Municipal bonds are the most important financing tools for counties. They provide counties, states and other local governments with needed money to finance essential long-term infrastructure projects, such as schools, hospitals, roads and bridges. Not only are municipal bonds safe investments, but also the interest earned from them has been tax-exempt, making them an attractive option for investors.
NACo members can go to this link and sign up to receive the weekly brief.
The MIB discusses one major subject in detail every week. For example, the inaugural edition explains that the shutdown resulted in a stronger muni market in the first week, as investors turned away from the stock market and towards municipal bonds. However, if Congress does not reach a deal on the debt ceiling, Washington’s inability to borrow would most likely have a negative impact on issuers of municipal bonds.

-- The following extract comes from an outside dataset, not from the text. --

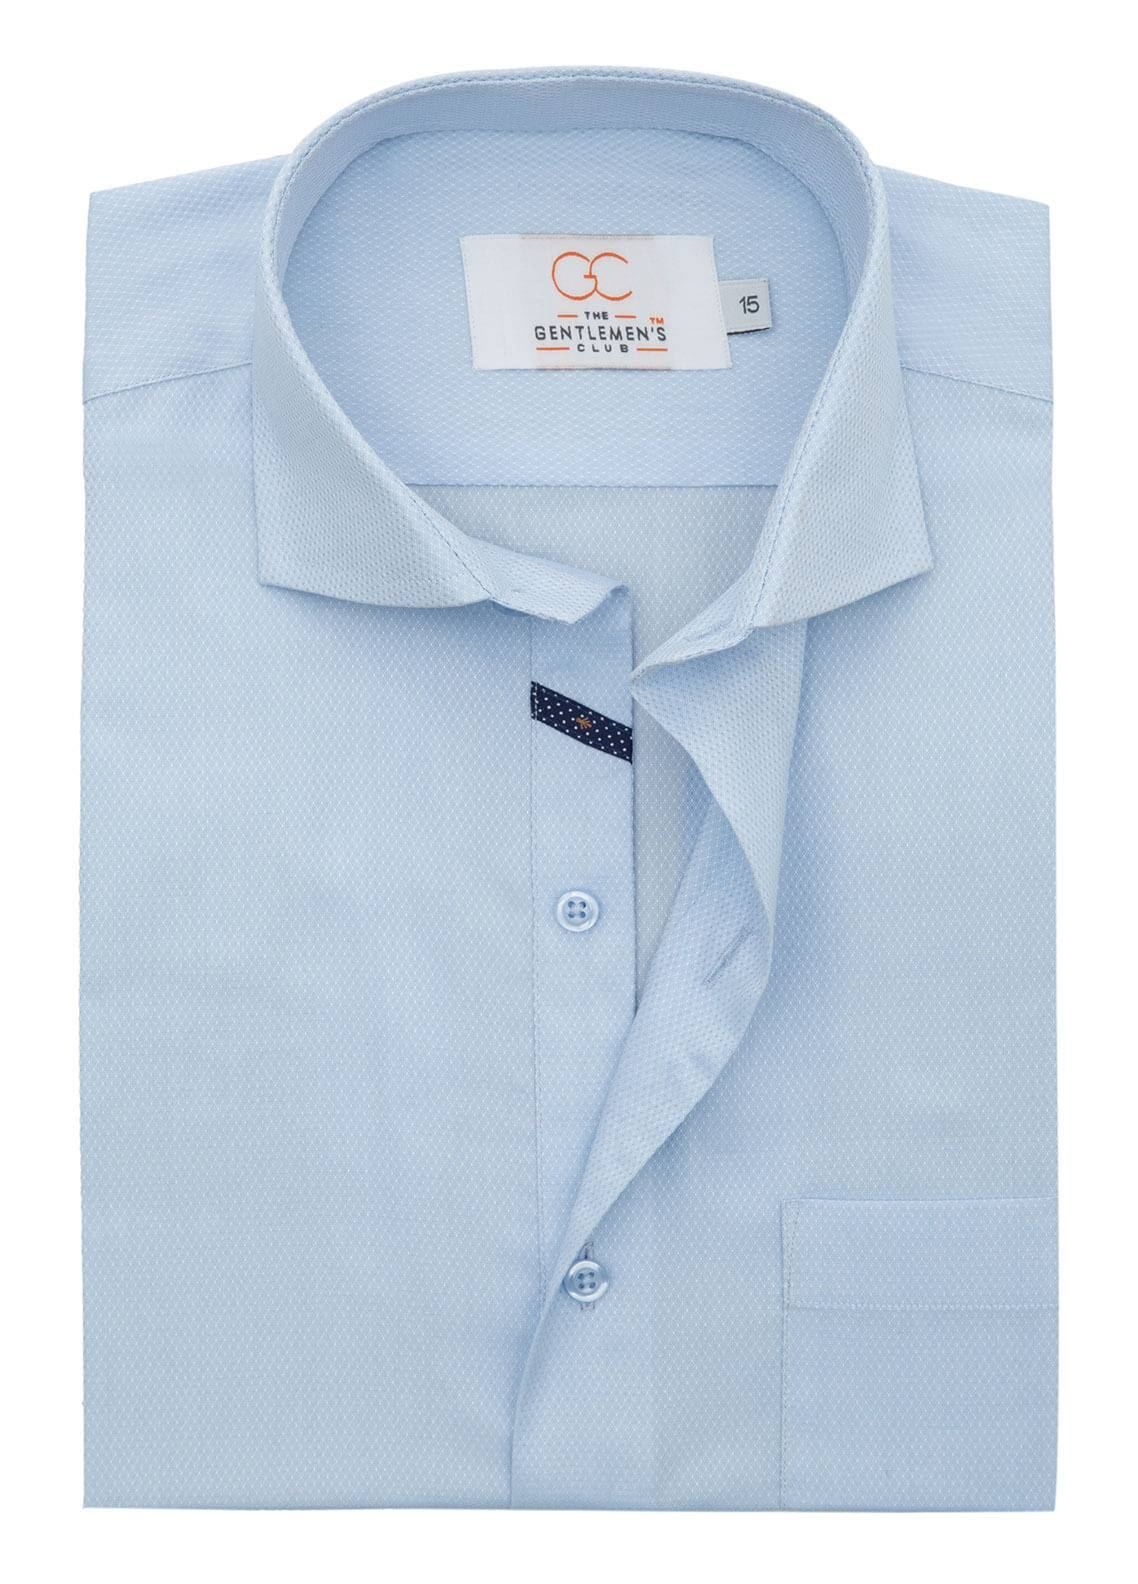 The Gentlemen's Club Cotton Formal Men Shirts - Sky Blue White Label 4084 - 17.5

The weekly brief follows other topics, including current interest rates for 5-year, 10-year and 30-year bonds, policies and recent activities of several government agencies, such as the U.S. Securities and Exchanges Commission (SEC) and the U.S. Internal Revenue Service (IRS), the actions of major ratings agencies and the regional bond issues for six different areas in the United States.
The MIB is a useful tool for county decision-makers, containing practical information that will allow officials to keep up-to-date with the state of the municipal bond market. The brief also explains how current legislative issues in Washington may affect the market in the future. County officials interested in learning more about the municipal bond market should take a look at the MIB.